Find the line containing "Burt Bacharach - Sing2" in the material below, then please transcribe it and each line after it exactly, without the pictures.
── Data excerpt ──
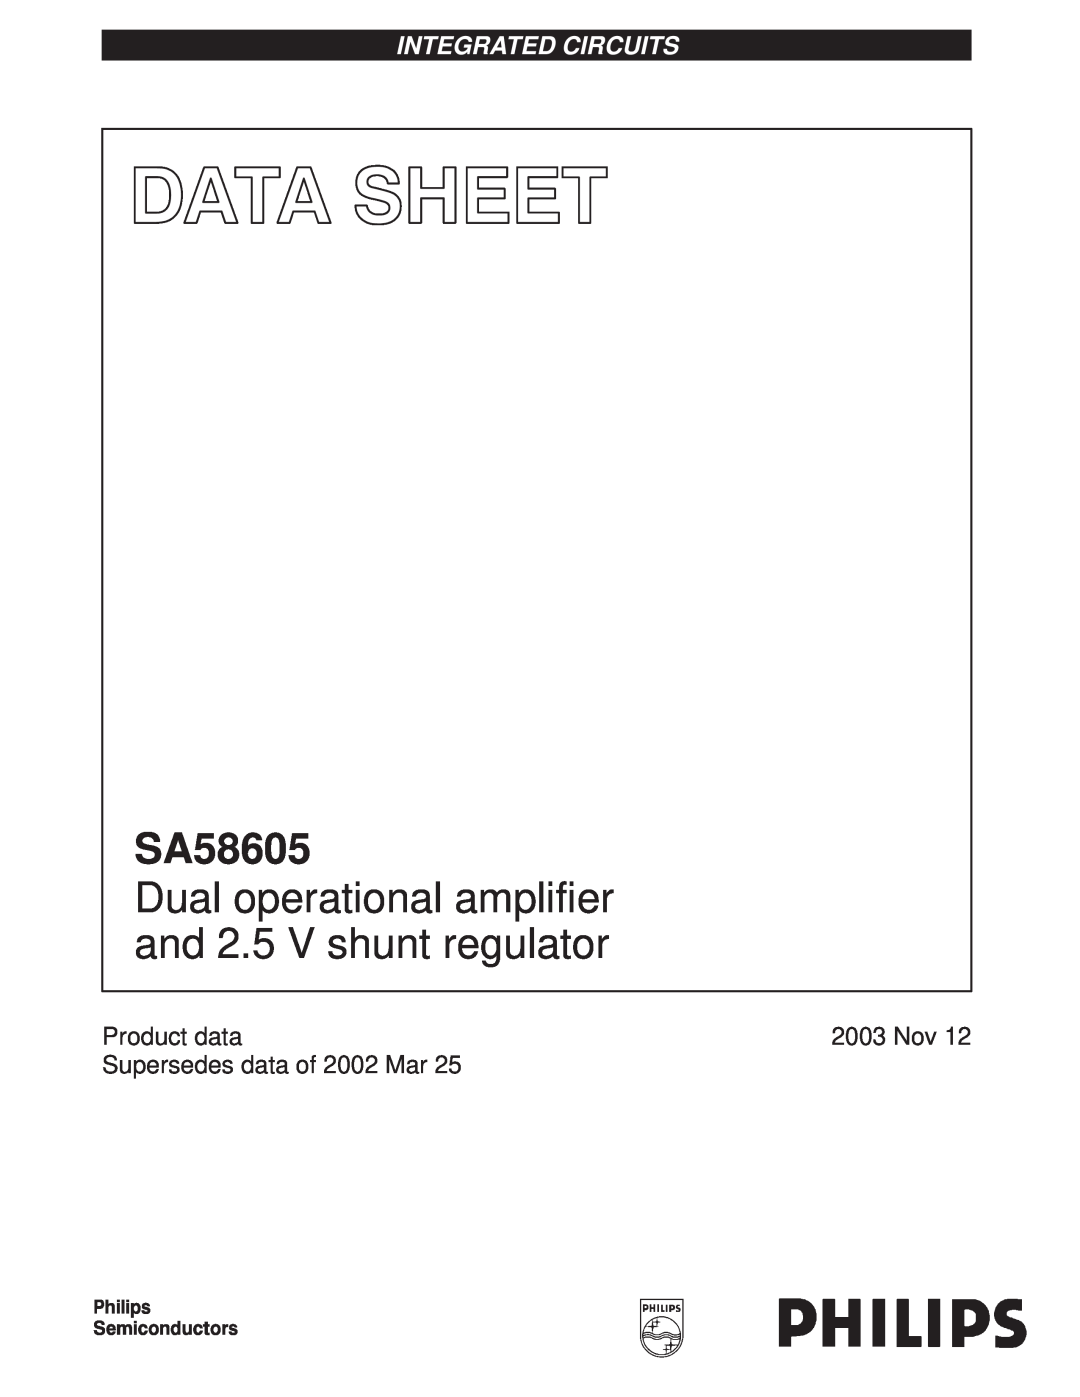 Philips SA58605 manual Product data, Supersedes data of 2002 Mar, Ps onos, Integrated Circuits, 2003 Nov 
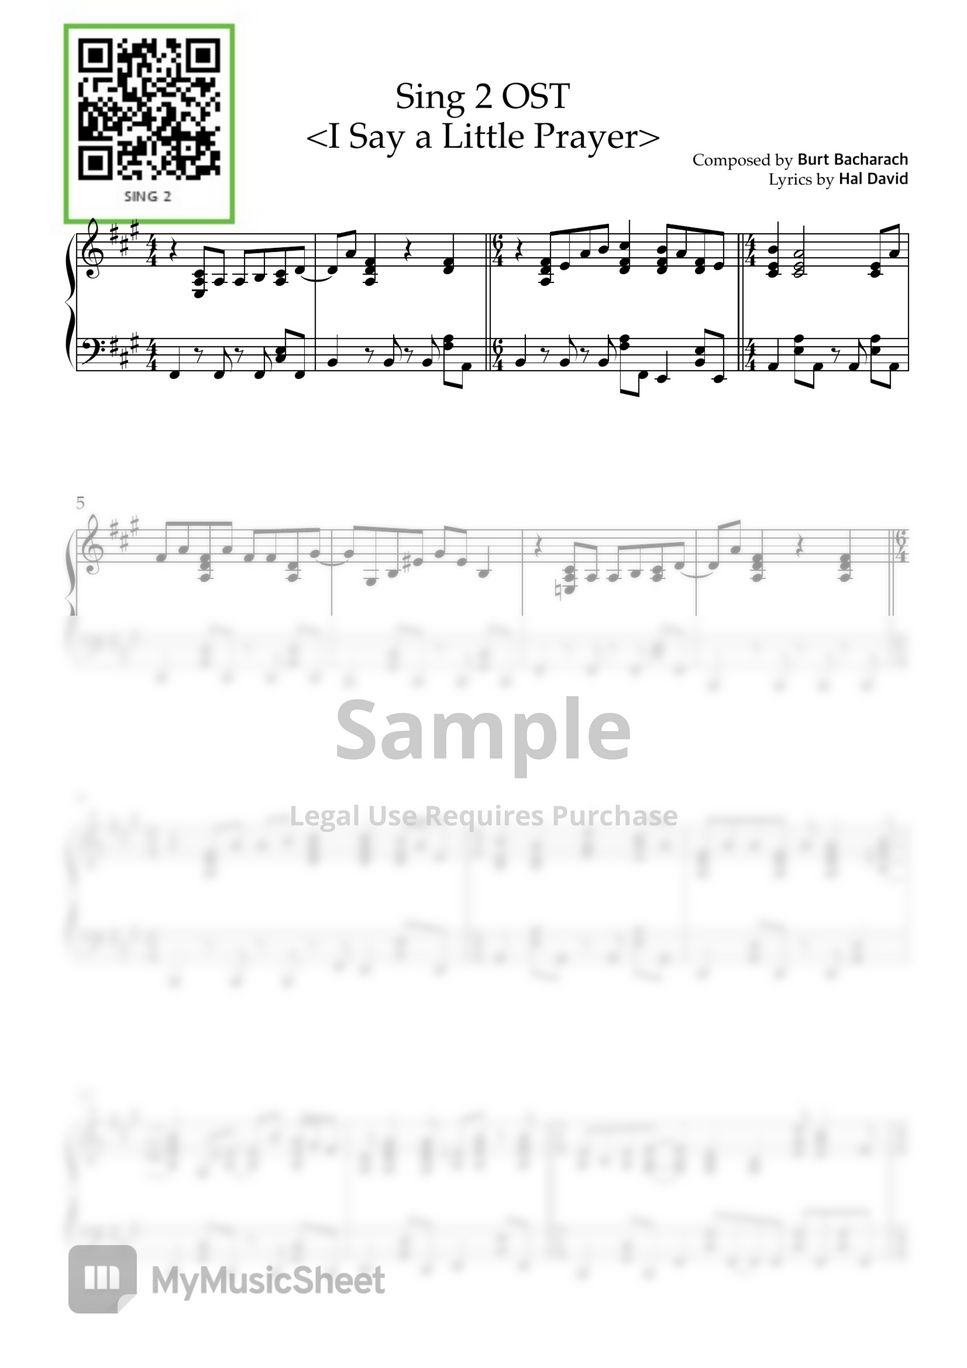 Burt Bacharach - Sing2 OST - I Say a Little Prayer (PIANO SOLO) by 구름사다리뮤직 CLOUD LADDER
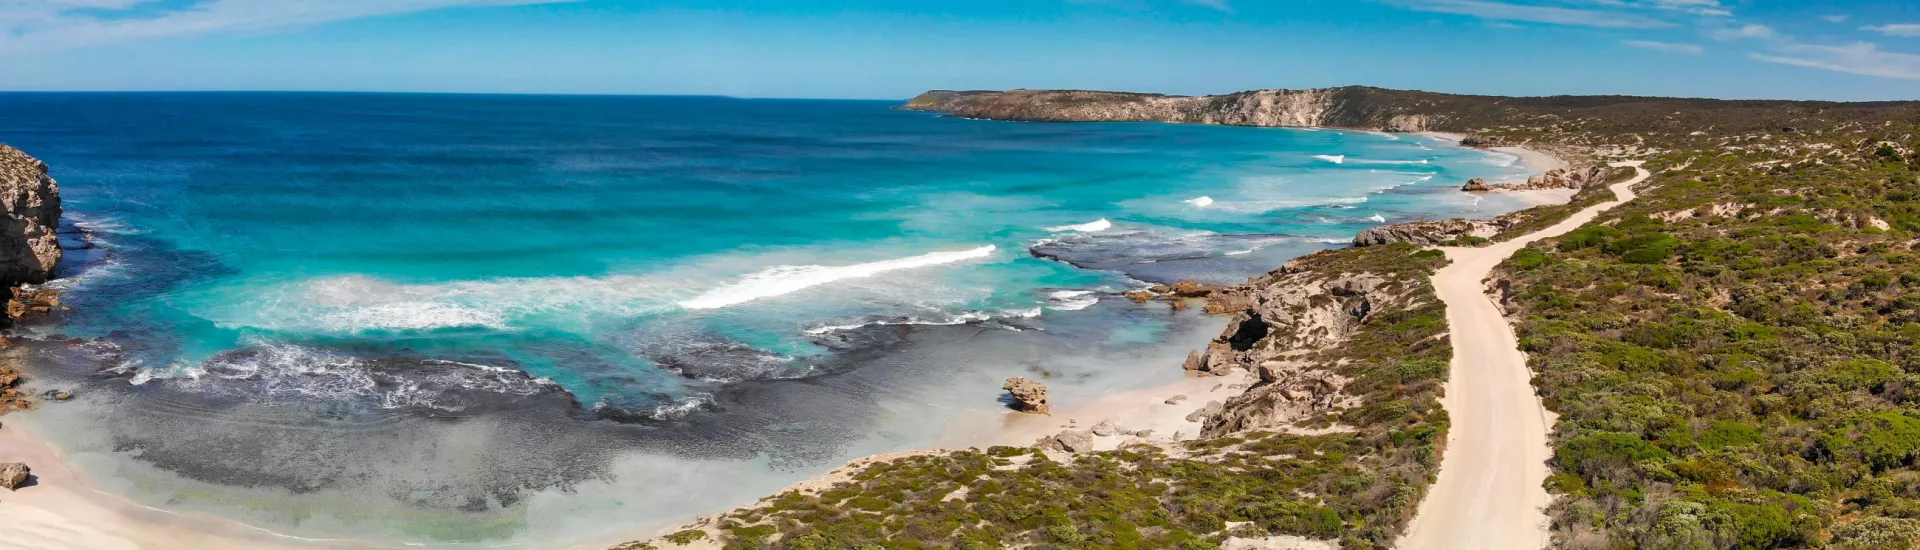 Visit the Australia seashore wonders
───
Written solution
 Burt Bacharach - Sing2 OST - I Say a Little Prayer (PIANO SOLO) by 구름사다리뮤직 CLOUD LADDER
 Visit the Australia seashore wonders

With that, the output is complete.